You should not volunteer or share any information regarding politics, age, religion, marital status, sexual orientation, family, mental or physical health, sexual behaviors, body art or body decorations, receipt of unemployment benefits, spouse's legal issues, or children. Oftentimes, too much information is simply that too much information.
Is Dishonest or Deceptive
Dishonest or deceptive individuals are easy to spot. They rarely give straight answers to questions. They are evasive about events in their lives that might have negative implications (being fired from a job, taking a decrease in salary, switching jobs frequently). They appear to have something to hide, something to conceal. They often change the subject when the conversation becomes too personal. And they often shift their gaze around the room, seldom making eye contact when answering questions. Any of these behaviors will quickly grab the attention of the interviewer.. .in a most negative way.

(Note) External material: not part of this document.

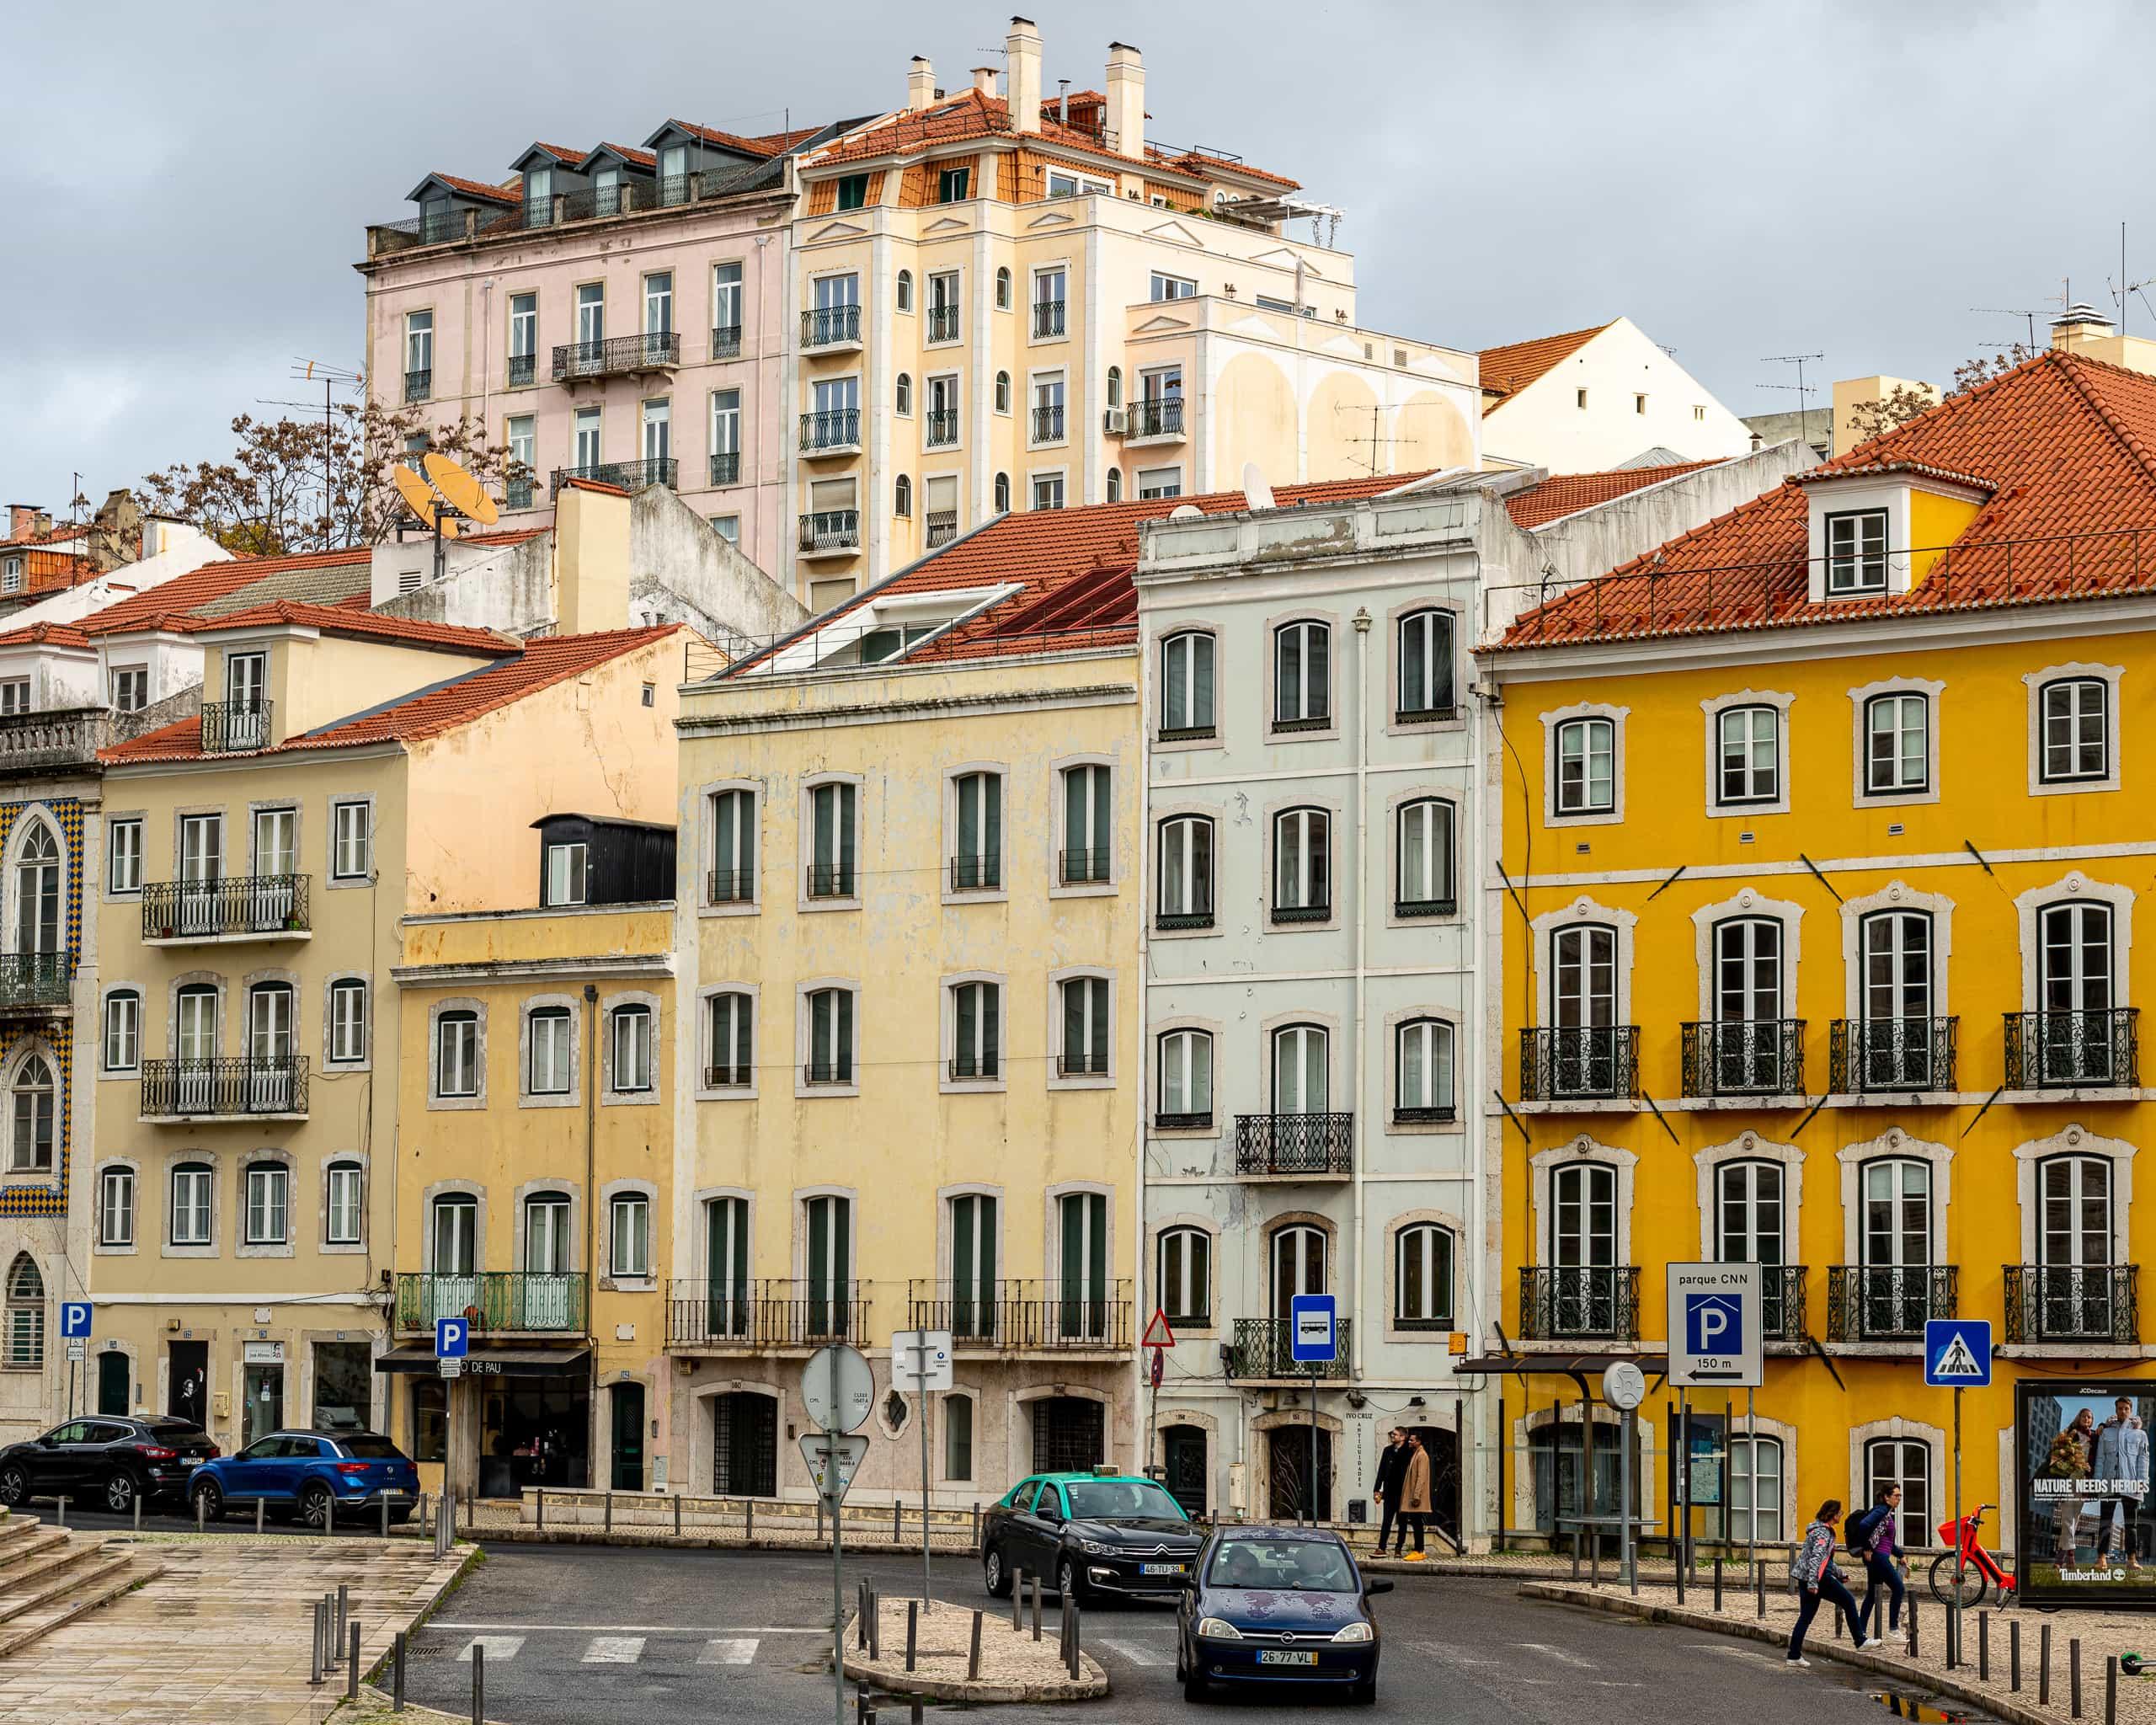 Streets of Lisbon #1
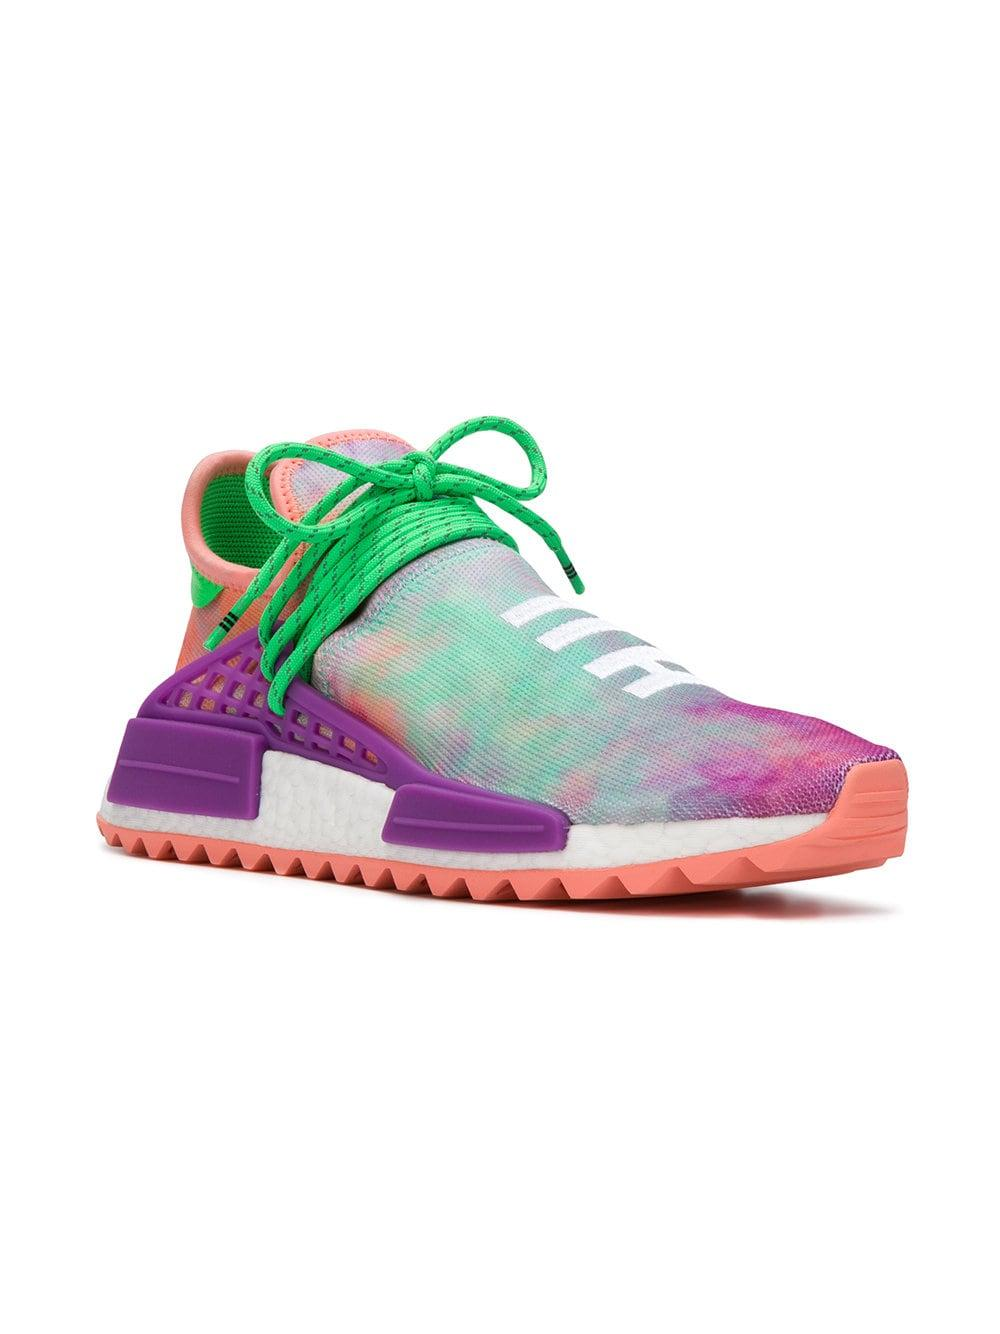 4e98157b1d7c2 Lyst - adidas Tie-dye Holi Hu Nmd Sneakers for Men

Here's a harsh reality: The interviewer is not interested in hiring you. He or she is interested in hiring the best-qualified individual for the position. If it is you, then that is fine by the interviewer. If it is someone else, then that's also fine for the interviewer. In short, you are not the commodity; you just happen to be the person sitting across from an interviewer who wants to fill an open slot in his or her faculty. You can assist the interviewer tremendously by keeping the focus off you and directly on the contributions you can make to the welfare of the school. If you frequently use "I" or "me" in your interview, you will send a negative message to the interviewer—a message that you are the most important part of the equation. However, when you use "you" and "we" throughout the conversation, then you are shifting the emphasis to where it should be—away from you and on to them.
FROM THE PRINCIPAL'S DESK:
"Keep all your answers kid-centered. You can't go wrong there.
Doesn't Follow Up
Read Chapter 13. Please.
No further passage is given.